Ivory Queen Nabbed by Tanzanian Authorities

Ivory Queen is sentenced to 15 years in prison for smuggling $5.6 million-worth of ivory from Tanzania to China.

Elephants in Tarangire National Park, Tanzania (image via Andrey Filippov's Flickrstream)
Elephants in Tarangire National Park, Tanzania (image via Andrey Filippov’s Flickrstream)

Yang Fenglan, 69, a Chinese trafficker known as the “ivory queen” has been sentenced to 15 years in prison by a Tanzanian court for smuggling 860 pieces of ivory worth $5.6 million between 2000 and 2004. Yang moved to Tanzania in the 1970s and has lived in the country on and off since then, operating a Chinese restaurant and working as a translator.

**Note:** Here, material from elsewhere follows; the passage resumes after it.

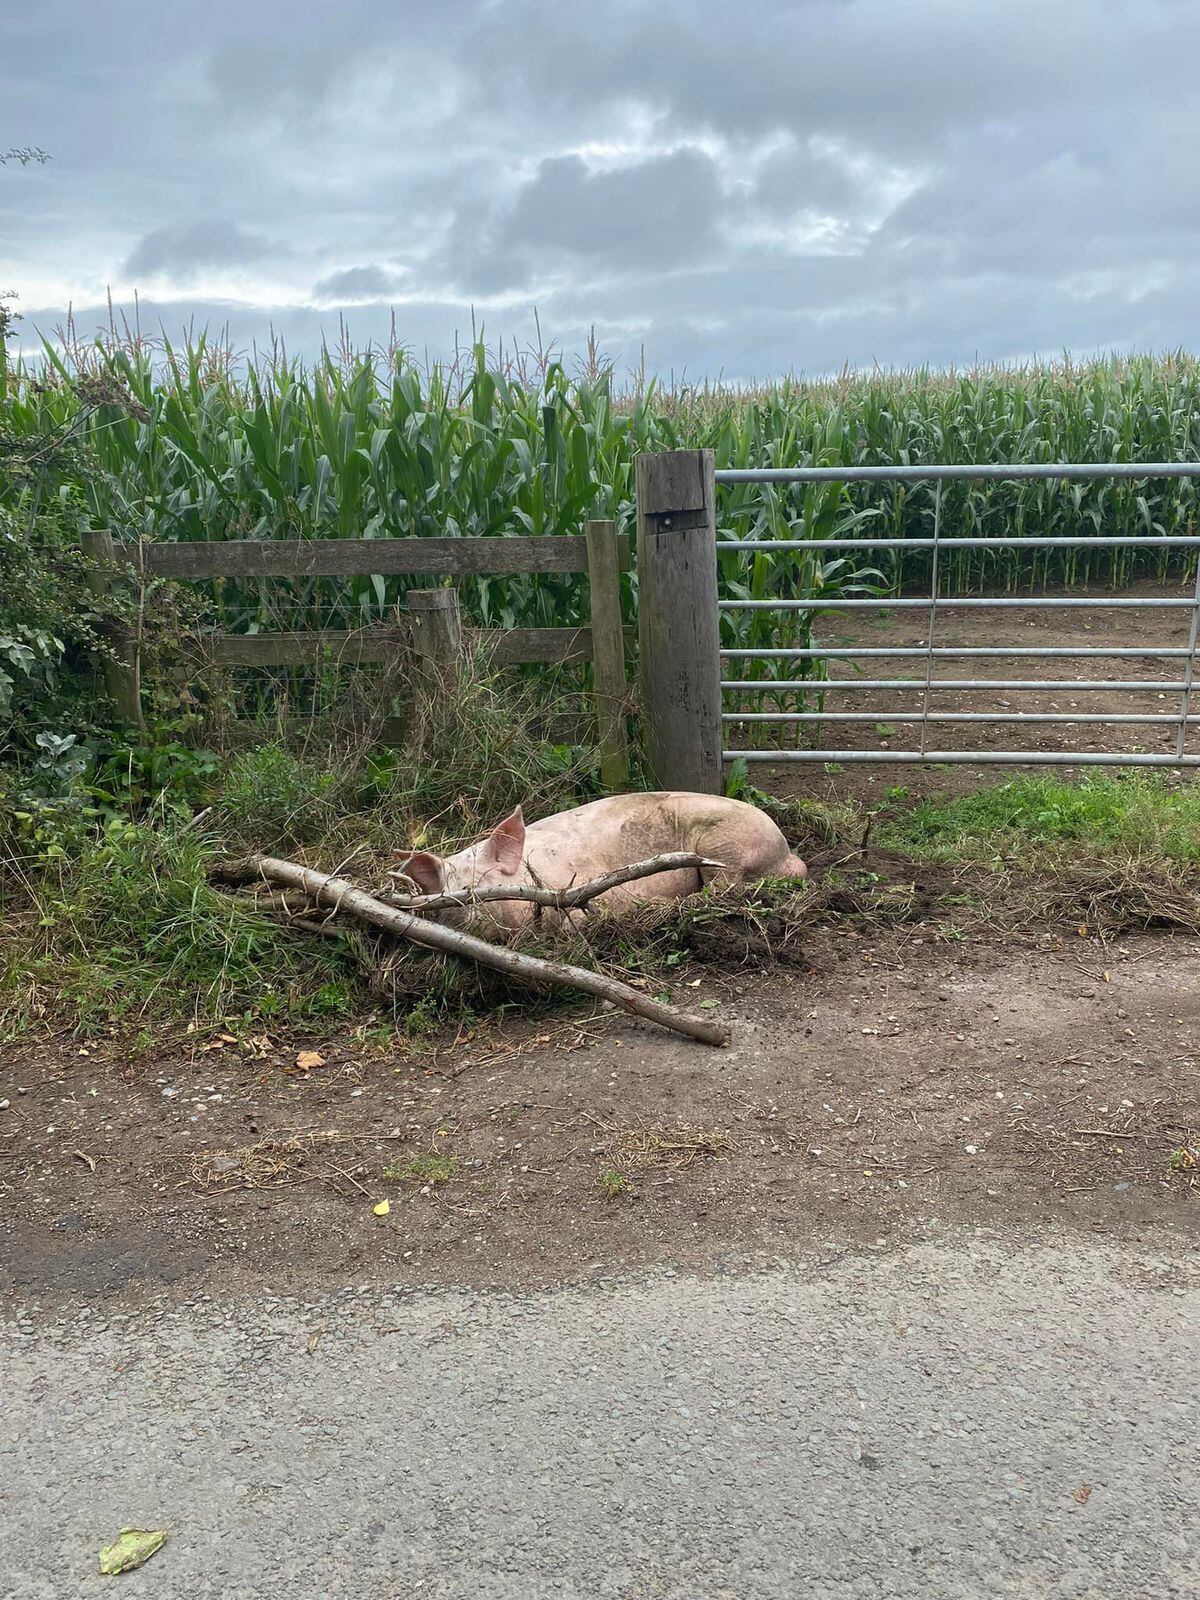 One of the pigs lying as it was found

The court found her and two other men — Salivius Matembo and Manase Philemon — guilty of “leading an organized criminal gang,” according to Reuters.

Yang and the two men were initially charged in 2015, following a high speed car chase arrest, according to BBC. The three denied the charges at the time but have since been found to be responsible for “transporting or exporting and selling” ivory, linking poachers in East Africa and buyers in China.

Carved ivory tusk stockpile slated for destruction in the crush at Rocky Mountain Arsenal National Wildlife Refuge on November 14, 2013 (image via USFWS Mountain-Prairie's Flickrstream)
Carved ivory tusk stockpile slated for destruction in the crush at Rocky Mountain Arsenal National Wildlife Refuge on November 14, 2013 (image via USFWS Mountain-Prairie’s Flickrstream)

While there is high demand for ivory in China, the country faced pressure from environmental groups and finally banned the domestic sale of ivory in 2018.

“We do not shield the illegal activities of Chinese citizens, and support the relevant Tanzanian authority’s just investigation of and trying of this case in accordance with the law,” said Chinese Foreign Ministry spokesman Geng Shuang at a news briefing in Beijing, according to Reuters.

While wildlife organizations are for the most part pleased with the outcome of this case, many believe the consequences are not enough.

“[It] is not punishment enough for the atrocities she committed, by being responsible for the poaching of thousands of elephants in Tanzania,” World Wildlife Fund country director Amani Ngusaru said to Reuters. “She ran a network that killed thousands of elephants.”

Yang will serve her sentence at the Ukonga Prison in Dar es Salaam.